RIP International CXT

After a long battle with the ailments of the American economy the world’s largest production pickup, the International CXT is said to be dead. 

“Shame on International for making this thing,” said Daniel Becker, director of the Sierra Club’s global warming and energy program, “this is a monster truck that only a Hummer could love, and it shows that without government leadership, the auto industry will lead us to more irresponsible, gas-guzzling vehicles.”

Despite efforts to play the XT line down as super heavy duty trucks designed to help out with the day to day work of landscapers and the like, it was fairly obvious to most people that an International CXT with a GVWR of 25,999 pounds was little more than the manifestation of a truck lover’s pipe dream, on steroids. 

During its run as a production pickup truck, the CXT was noticeably 21 ft long with a 9ft tall cab.
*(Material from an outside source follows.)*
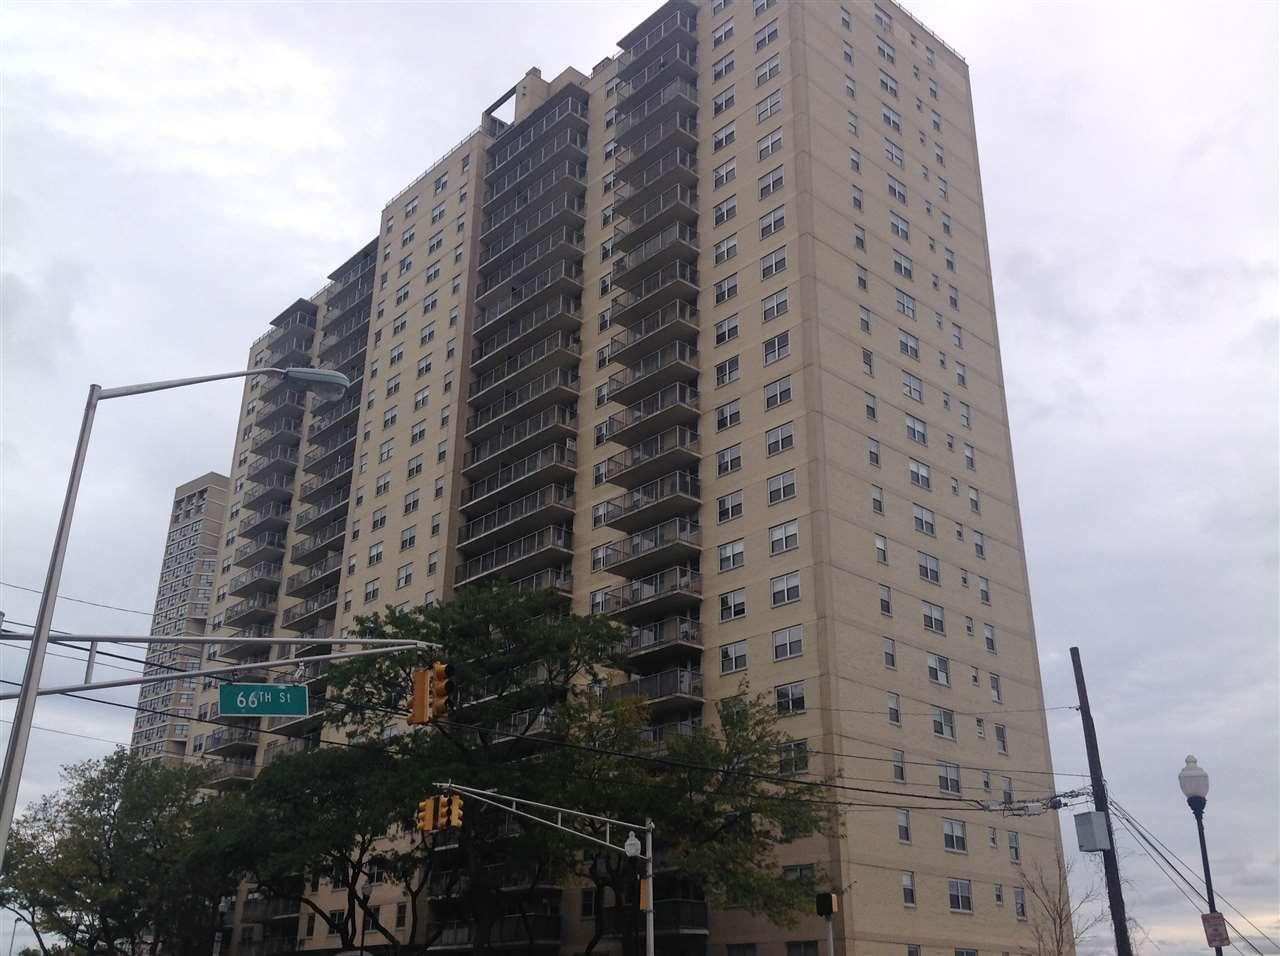 6600 BLVD EAST 21K, West New York, NJ 07093

Its capacities were also somewhat conspicuous with a load limit of six tons in the bed and another 20 tons in tow. Unloaded, it weighed in at 14,500 lbs, or about twice the weight of the next heaviest production passenger automobile on the road, the Hummer H1. In fact if it would fit, the CXT could carry the weight of the H1 in its bed with several tons to spare.

The vulgar display of power came in part from International’s 9.3-liter DT 570 engine option, which produced 310 hp and a monstrous 950 ft-lb of torque. The only downside was a 7-10 mpg average fuel economy that would drain the CXT’s 70-gallon fuel tank like a juice box. Helping compensate for the thirstiness, the air-ride cab came with five bucket seats and luxury options including leather, DVD and satellite radio. Total price tags ranged from $93,000 to $115,000, most likely just out of the average landscaper’s truck budget. 

After celebrities such as Ashton Kutcher and NBA star Jalen Rose bought CXTs of their own, sales of the truck never managed to take off for the working class Joe who opted to stick with half and three quarter ton Chevy and Ford pickups for their business use. Jay Leno took a CXT for a test drive at one point, but there were only so many nice things he could say afterwards. It just wasn’t enough, and now the CXT is gone.

Nonetheless, for big truck lovers who did manage to purchase the behemoth while she lasted there couldn’t be a much better bragging right than to have a high-ranking member of the Sierra Club accuse their life size Tonka truck of being impractical. No shit, Becker, thanks for noticing.